While this writeup is great and the motivation accurate, PR curves are very problematic and should not be used, especially not to take the AUC. Instead, use PR-gain curves. This paper (NIPS’15) explains the problems and the solution: https://papers.nips.cc/paper/5867-precision-recall-gain-curves-pr-analysis-done-right.pdf

Reply
- Jason Brownlee June 17, 2020 at 6:15 am #
  
  Thanks for sharing.
  
  Reply
James Hutton July 13, 2020 at 12:27 am #

Hi Jason,

Thank you for the tutorial. Few questions:

1. How do we know this column is probability for the Class 1, i.e. Positive class? Is it the convention that the second column belongs to positive class?

# retrieve just the probabilities for the positive class
pos_probs = yhat[:, 1]

2. What exactly is this probability? does it mean the likelihood of that class to happen given a set of features? So, the sum of column 0 and 1 in the probability class is 1?

3. In the histogram plot above, I understand it shows the probability distribution for Class 1, i.e. positive class. So, here there is no observation will results in Class 1 if the threshold is 0.5? Is this correct?

Thank you

Reply
- Jason Brownlee July 13, 2020 at 6:06 am #
  
  You’re welcome.
  
  Good question, yes convention, I recommend reading about the binomial distribution:
  https://machinelearningmastery.com/discrete-probability-distributions-for-machine-learning/
  
  The model predicts the probability that the input sample belongs to class=1.
  
  The sum of the probability and 1-probability equals one, again, see the binomial distribution:
  https://machinelearningmastery.com/discrete-probability-distributions-for-machine-learning/
  
  We can choose an appropriate threshold to interpret the probabilities, called threshold moving:
  https://machinelearningmastery.com/threshold-moving-for-imbalanced-classification/
  
  Reply
Ankur September 16, 2020 at 12:28 am #

ROC analysis does not have any bias toward models that perform well on the majority class at the expense of the majority class—a property that is quite attractive when dealing with imbalanced data.

I slightly confused by above statement as it has mentioned “majority class at the expense of the majority class”. I think one of them should be minority:

ROC analysis does not have any bias toward models that perform well on the minority class at the expense of the majority class—a property that is quite attractive when dealing with imbalanced data.

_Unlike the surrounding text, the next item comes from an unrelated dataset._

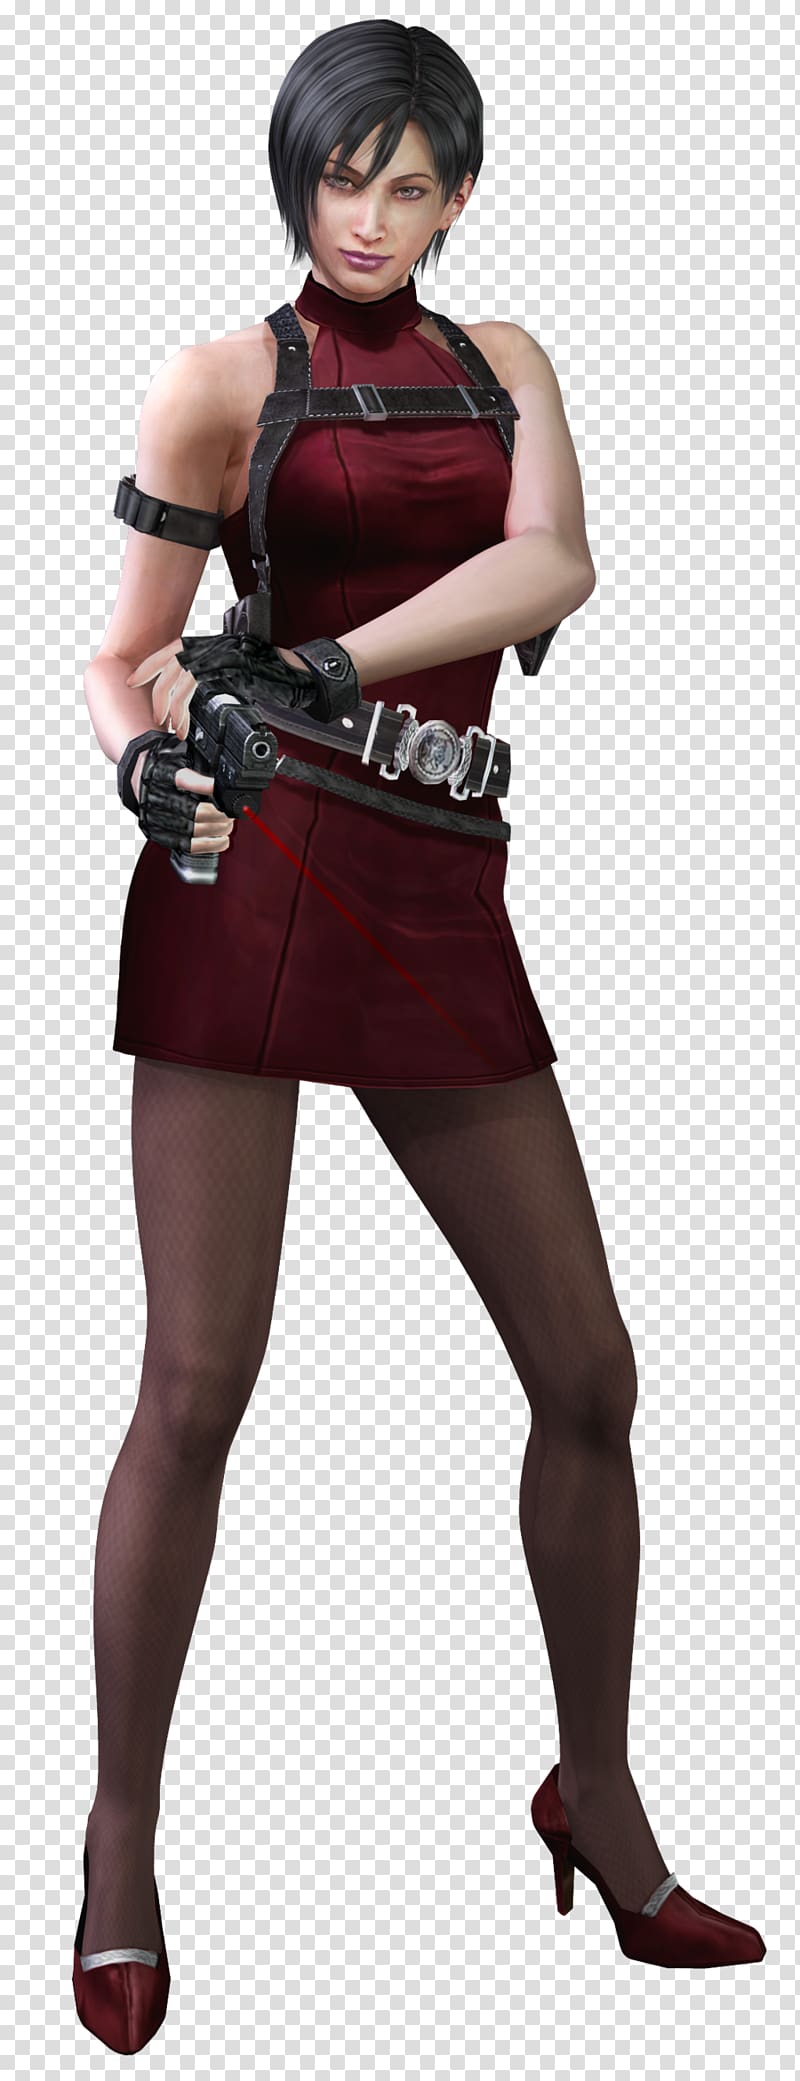 Resident Evil 2 Resident Evil 6 Resident Evil 4 Resident Evil: The Umbrella Chronicles, resident evil transparent background PNG clipart

Request you please elaborate on this.

Reply
- Jason Brownlee September 16, 2020 at 6:28 am #
  
  Thanks, fixed.
  
  Reply
  - Mathsppl November 11, 2020 at 10:51 am #
    
    Hi Jason. Do you have a piece on using GINI as a scoring metric and why it’s good to use?
    
    Reply
    - Jason Brownlee November 11, 2020 at 1:21 pm #
      
      No, great suggestion though, thanks.
      
      Reply
Felipe October 8, 2020 at 6:08 am #

Hello,

I found the post super interesting, however, as I’m not used to using AUPRC , I’m confused about a particular point.

I don’t quite understand why the “dummy” model used in the code uses the “stratified” strategy. What I usually build as a baseline for my ML model to beat, is a dummy model that outputs trainy.mean() for the positive class probabilities and 1-trainy.mean() for the negative class. I just found out I can build the same model using the “prior” strategy for the DummyClassifier (hooray!).

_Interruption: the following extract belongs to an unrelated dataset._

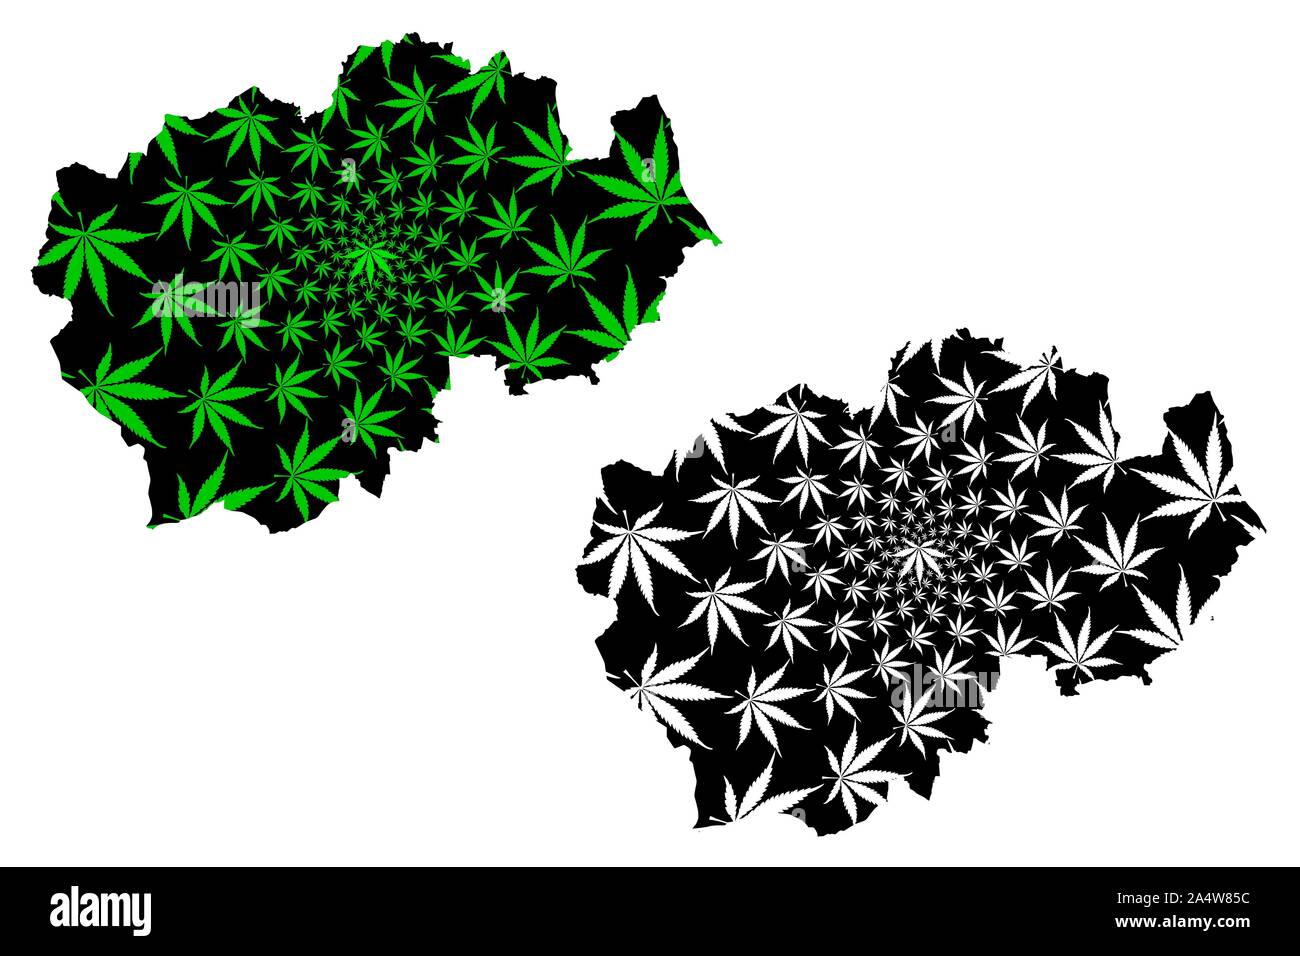 Durham (United Kingdom, England, Non-metropolitan county, shire county) map is designed cannabis leaf green and black, County Durham map made of marij Stock Vector

Such a model has an AUROC and AUPRC of 0.5. Doesn’t this mean that the logistic regression model shown in the “ROC and Precision-Recall Curves With a Severe Imbalance” section is actually pretty useless?

I’ve always found that AUROC and AUPRC for imbalanced problems to be pretty confusing, and I’ve been trying to use proper scoring rules such as log-loss and Brier Score to get the best model, and optimizing the classification threshold only after I’ve built the best possible model.

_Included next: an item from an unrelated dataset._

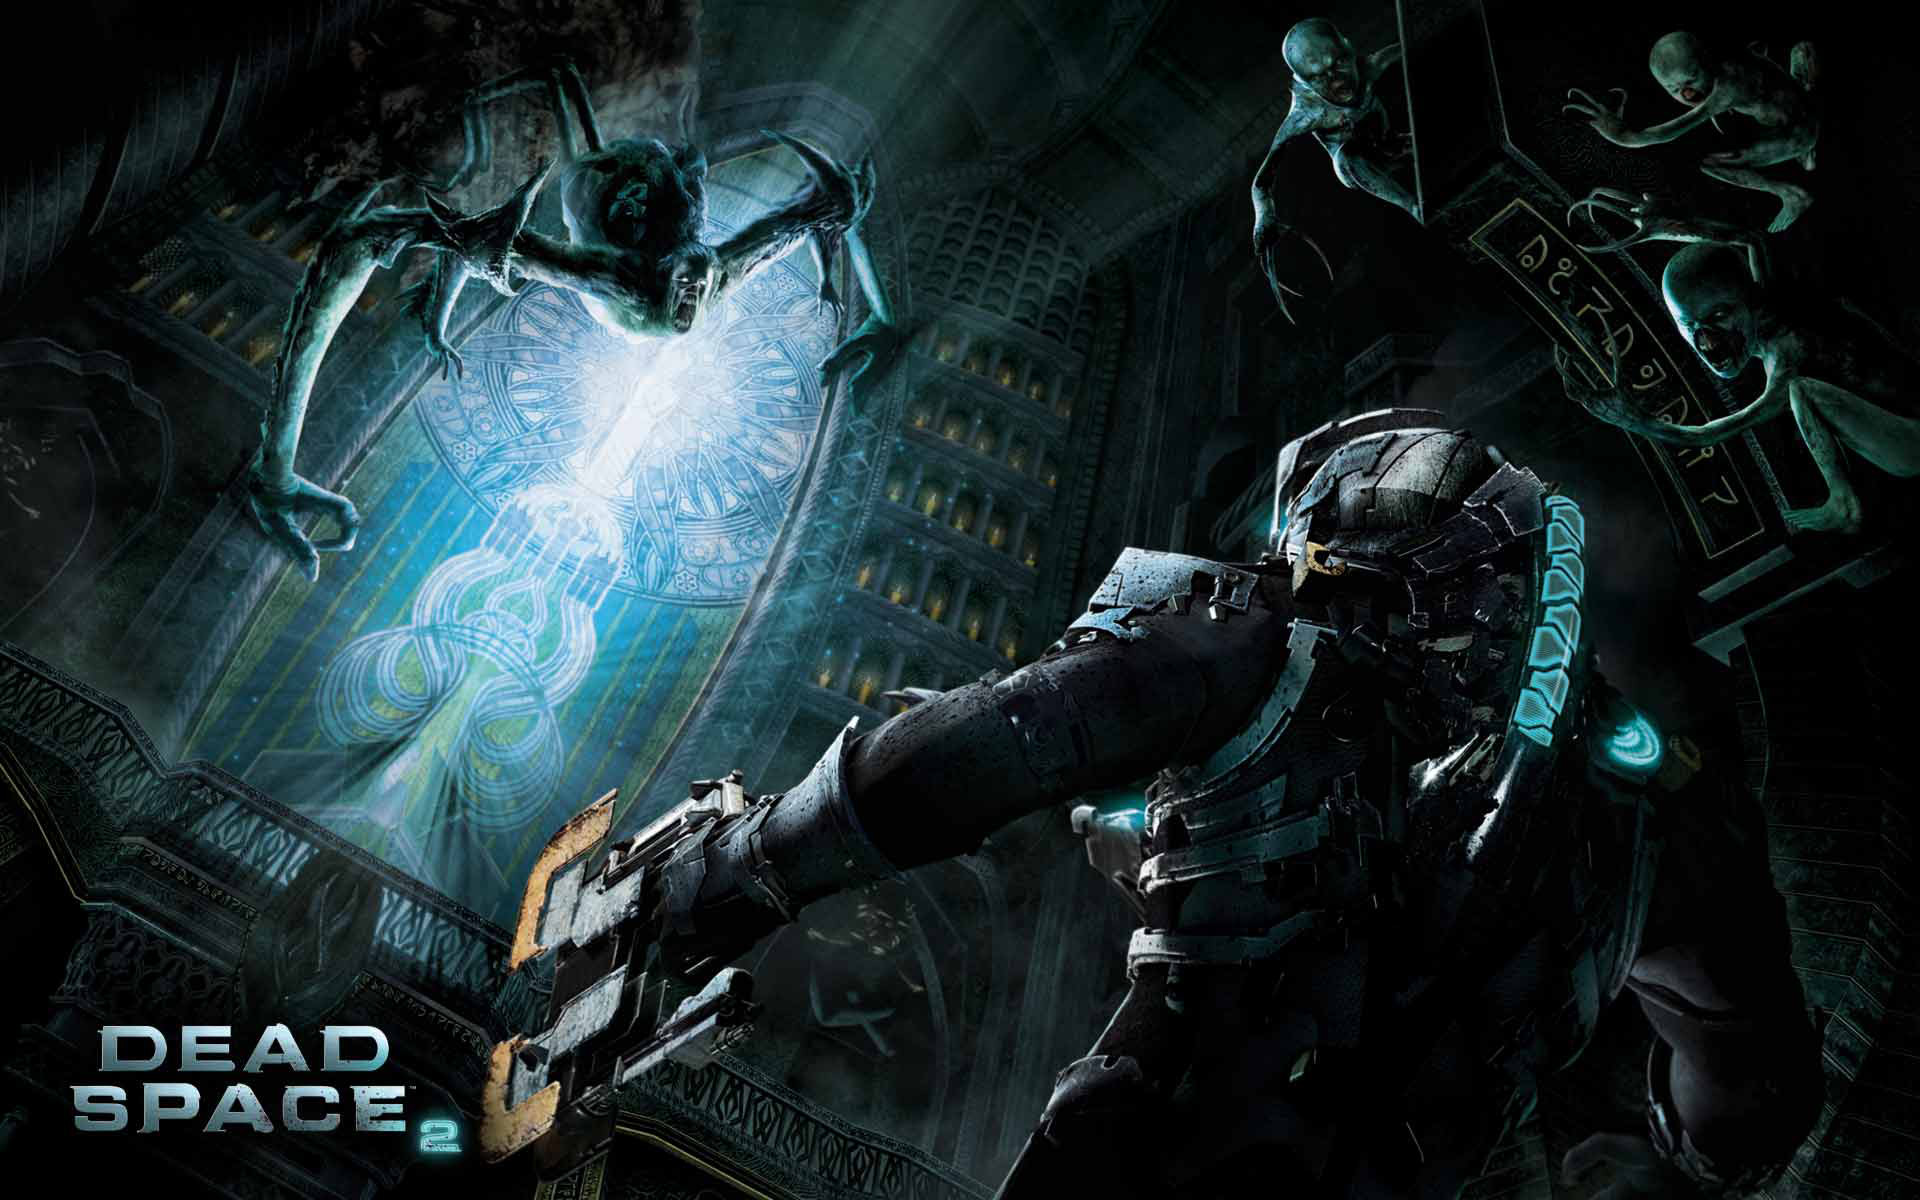 This Dead Space Theme for Windows 7 theme pack contains 16 HD Dead Space  Wallpapers

Anyways, I’m a fan of this site, thanks for the great post.

Reply
- Jason Brownlee October 8, 2020 at 8:36 am #
  
  This may help with understanding the metrics:
  https://machinelearningmastery.com/tour-of-evaluation-metrics-for-imbalanced-classification/
  
  This may help for choosing a naive model for metrics:
  https://machinelearningmastery.com/naive-classifiers-imbalanced-classification-metrics/
  
  Reply
Kostya February 13, 2021 at 1:59 am #

Hi Jason,
The roc_auc_score() by default uses average=’macro’ which does not take label imbalance into account. The class weights are ignored. Is it a proper way to compute auc for a binary classifier on imbalance data?

Reply
- Jason Brownlee February 13, 2021 at 6:09 am #
  
  Depends on your goal – what you want to measure.
  
  Reply
Karim March 31, 2021 at 7:46 pm #

Hi. How can we use the above metrics for multiclass problem? Any reading on that?

Reply
- Jason Brownlee April 1, 2021 at 8:09 am #
  
  Generally you cannot.
  
  There are extensions that try, I’m not across them sorry. Try scholar.google.com
  
  Reply
Joy April 26, 2021 at 4:11 pm #

Hi Jason, thanks for this comprehensive post! I have a question regarding your PR curve for “no skill” classifier – I see here you’re plotting the actual precision and recall for a random guess classifier, most of the charts I’ve seen before have a diagonal line, is this purely for the purpose of comparing a 0.5 AUC_PR benchmark? Thanks!

Reply
- Jason Brownlee April 27, 2021 at 5:14 am #
  
  Yes, a diagonal line is used for ROC curves, a flat line for precision-recall curves.
  
  Reply
Swati Matwankar Shah January 17, 2022 at 1:08 am #

Hello Jason,

I am observing a rather strange phenomenon when I process my data with CNN-1D. I have divided my data into training, validation and un-seen categories. I am getting a very high “validation” accuracy (92%) with the data. However, when I process totally “un-seen data”, the accuracy is near 50% (which seems to me like a chance level accuracy).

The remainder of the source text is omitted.